**WORK TO BE COMPLETED:**
Note on the material below: return exactly the lines from the line that holds "Tennis ATP Rio" through the line that holds "halide.dll 文件丢失？。 适用于", and leave out each picture.

**DATASET RECORDS:**
━━━━━━

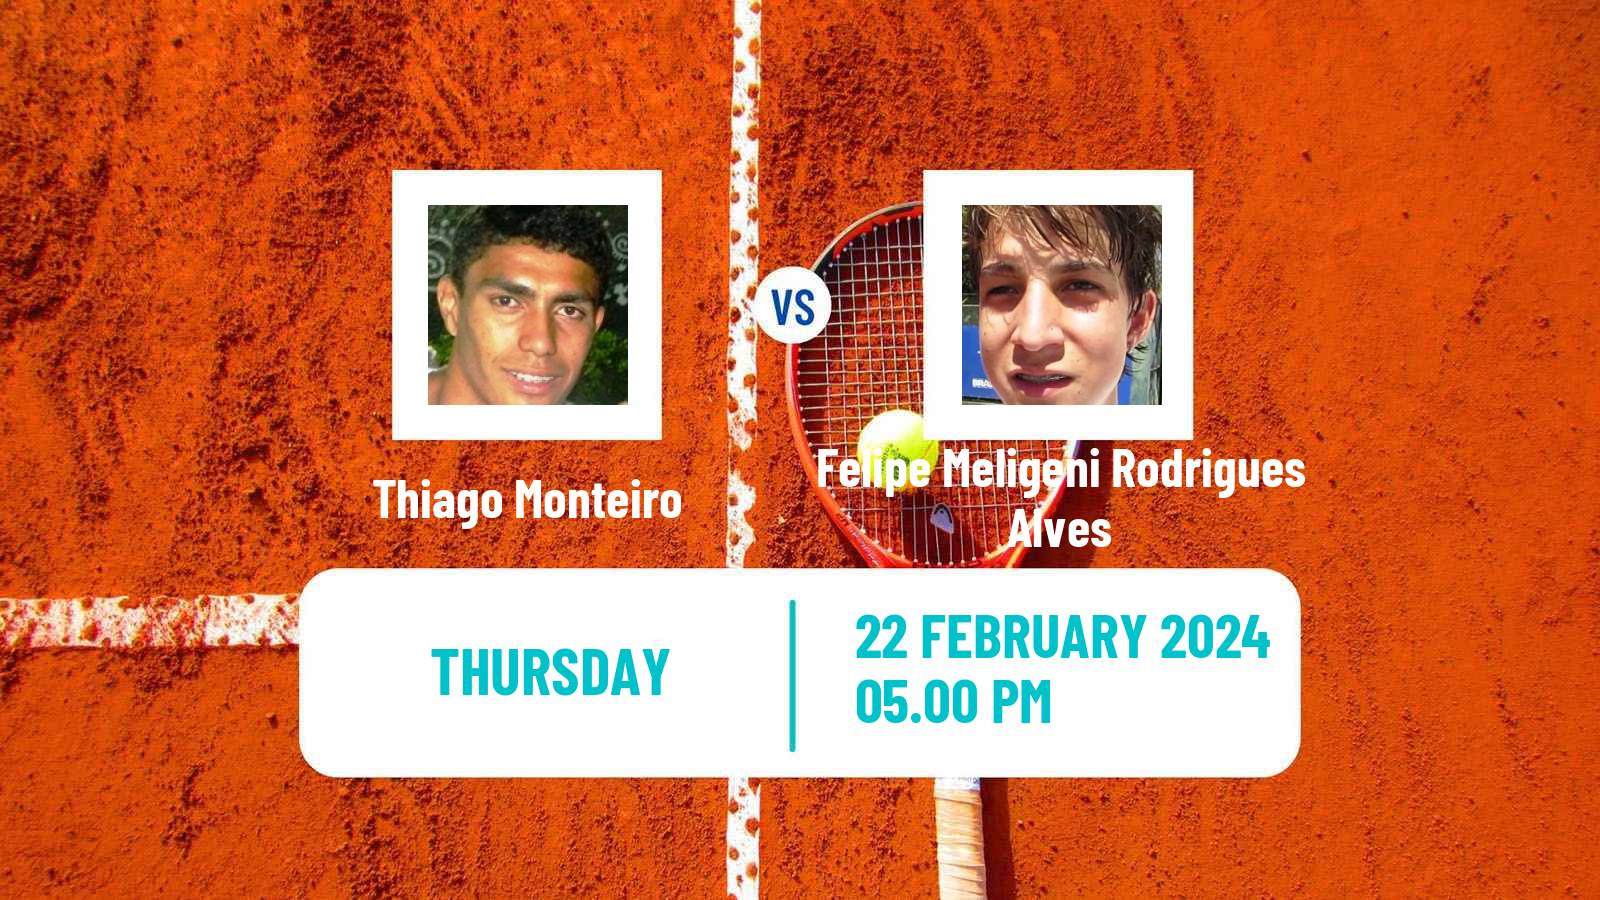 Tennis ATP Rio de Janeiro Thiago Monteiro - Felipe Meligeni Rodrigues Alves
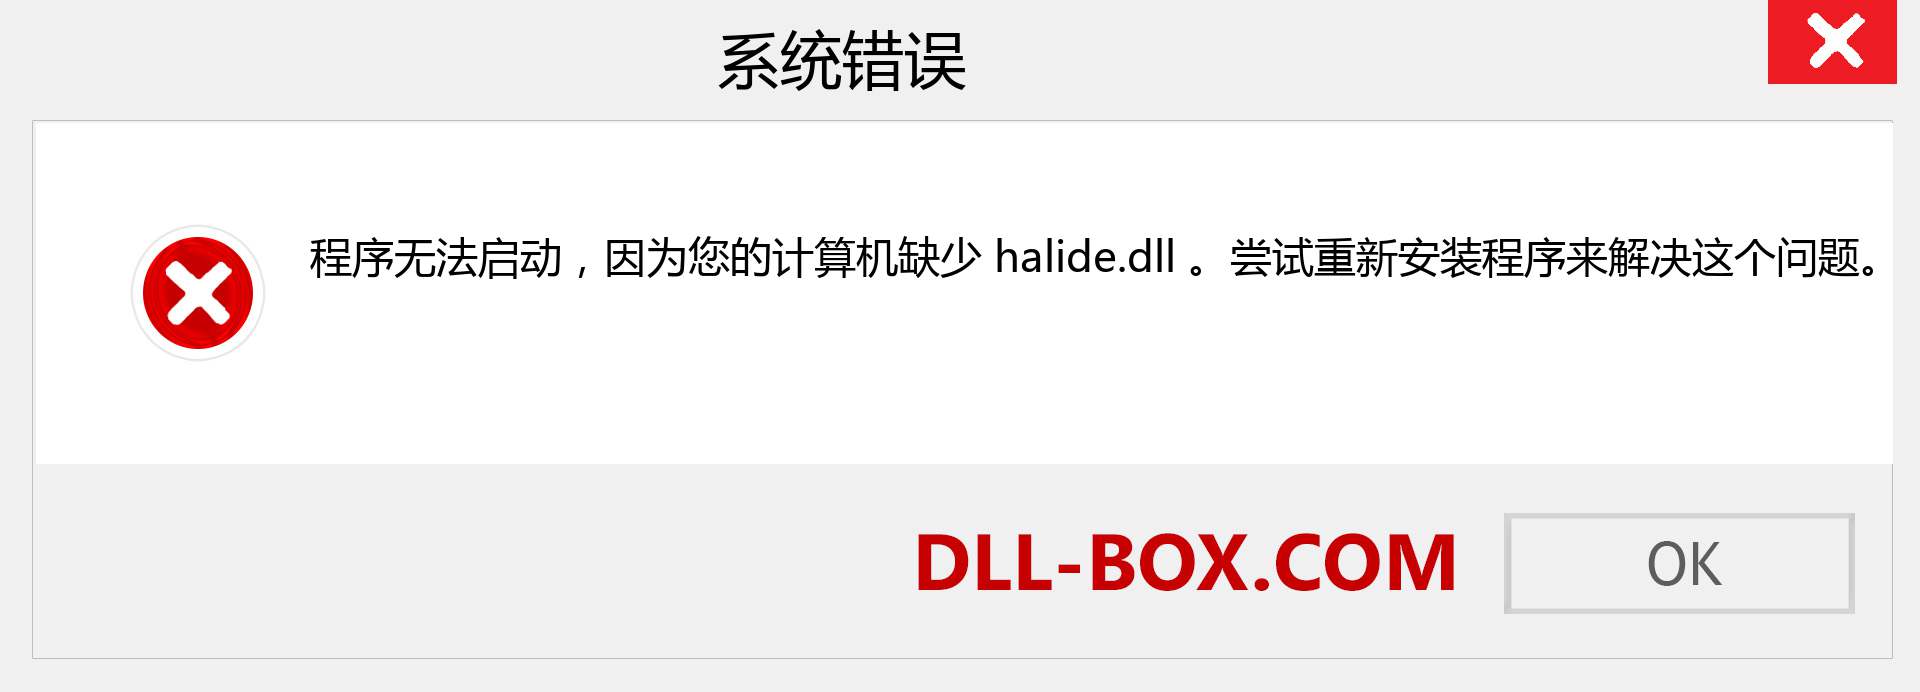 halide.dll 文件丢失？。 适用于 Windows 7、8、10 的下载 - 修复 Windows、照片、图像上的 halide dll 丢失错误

━━━━━━

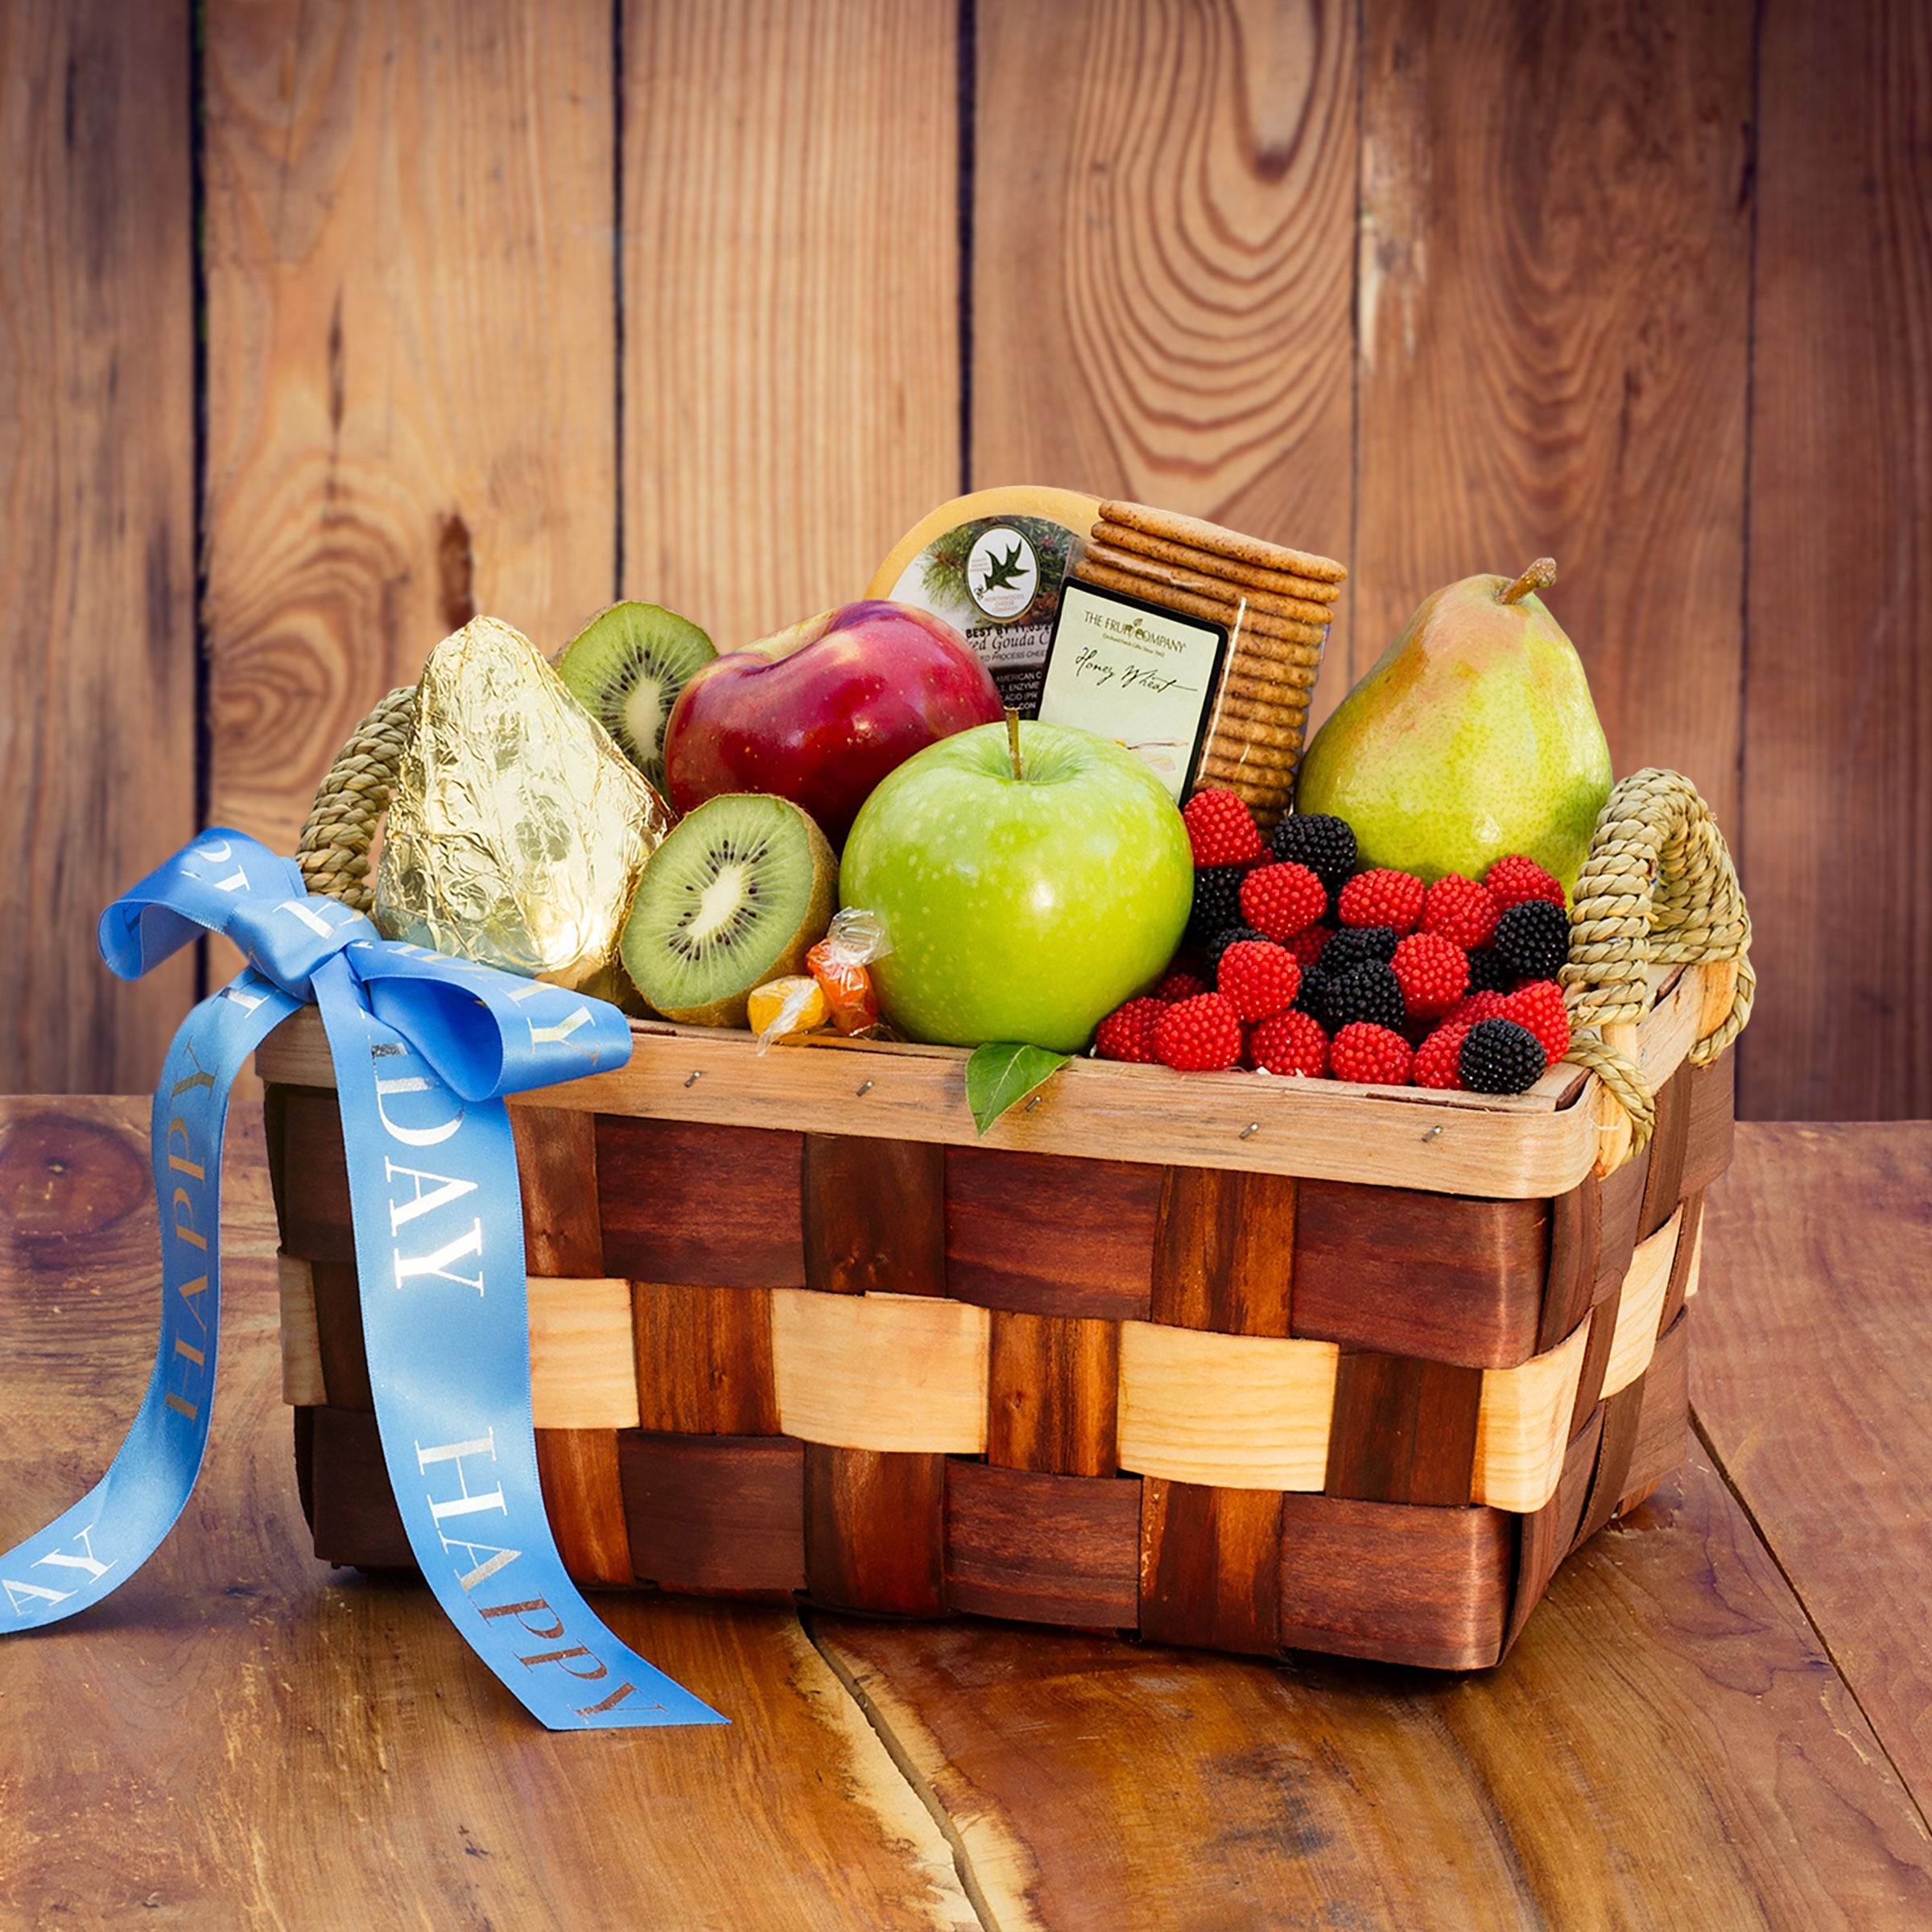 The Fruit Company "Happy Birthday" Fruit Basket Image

━━━━━━

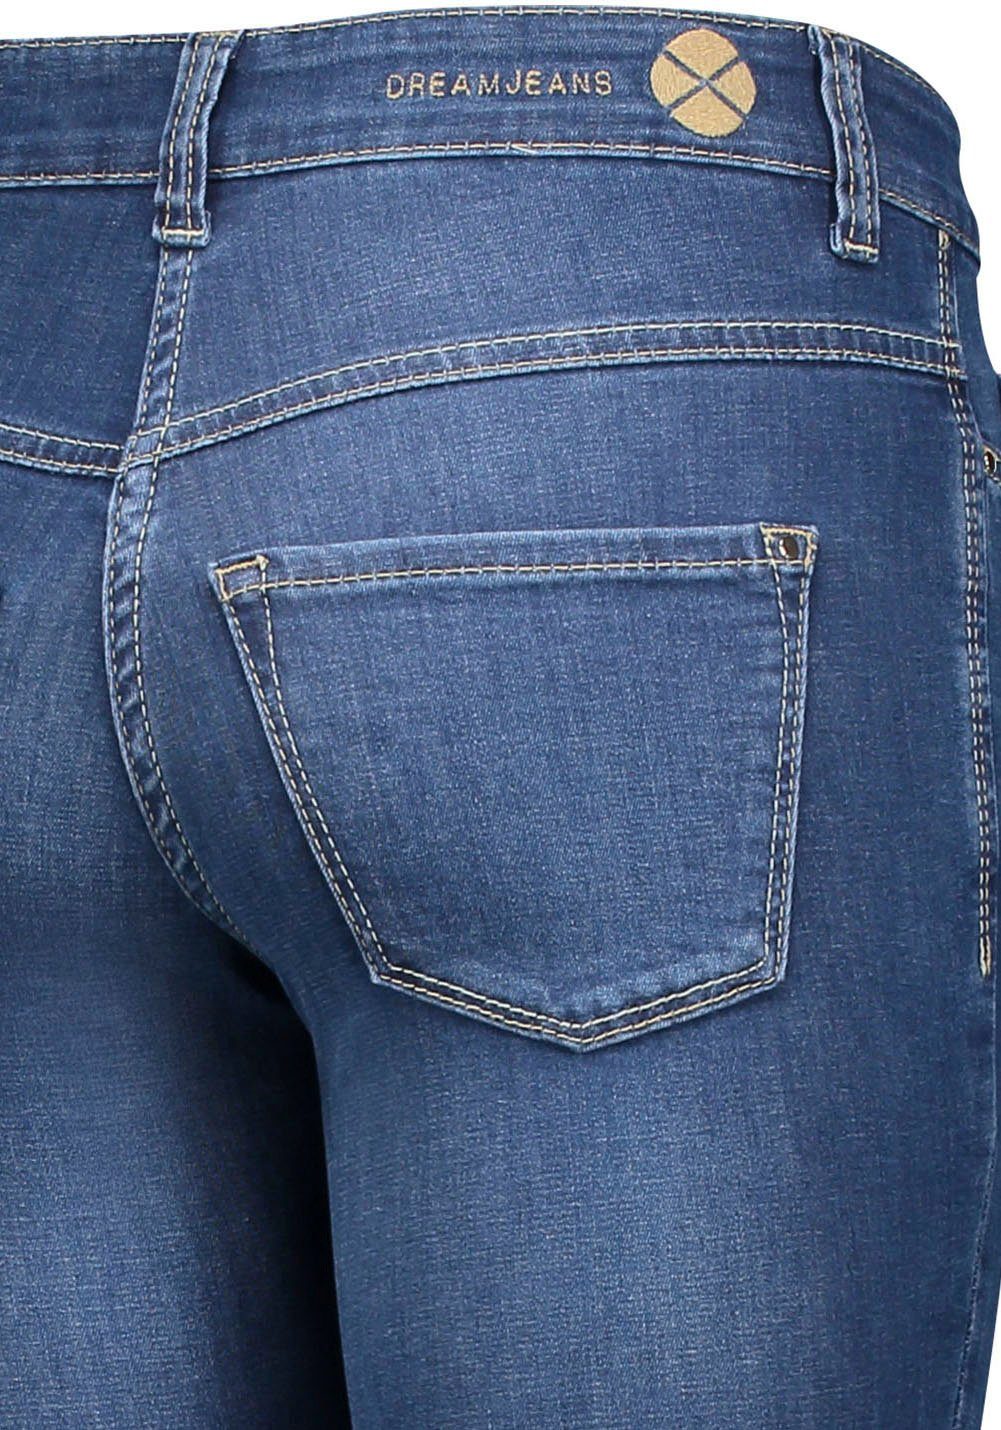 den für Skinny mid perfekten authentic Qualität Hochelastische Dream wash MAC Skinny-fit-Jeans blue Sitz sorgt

━━━━━━

**FINAL ANSWER:**
 Tennis ATP Rio de Janeiro Thiago Monteiro - Felipe Meligeni Rodrigues Alves
 halide.dll 文件丢失？。 适用于 Windows 7、8、10 的下载 - 修复 Windows、照片、图像上的 halide dll 丢失错误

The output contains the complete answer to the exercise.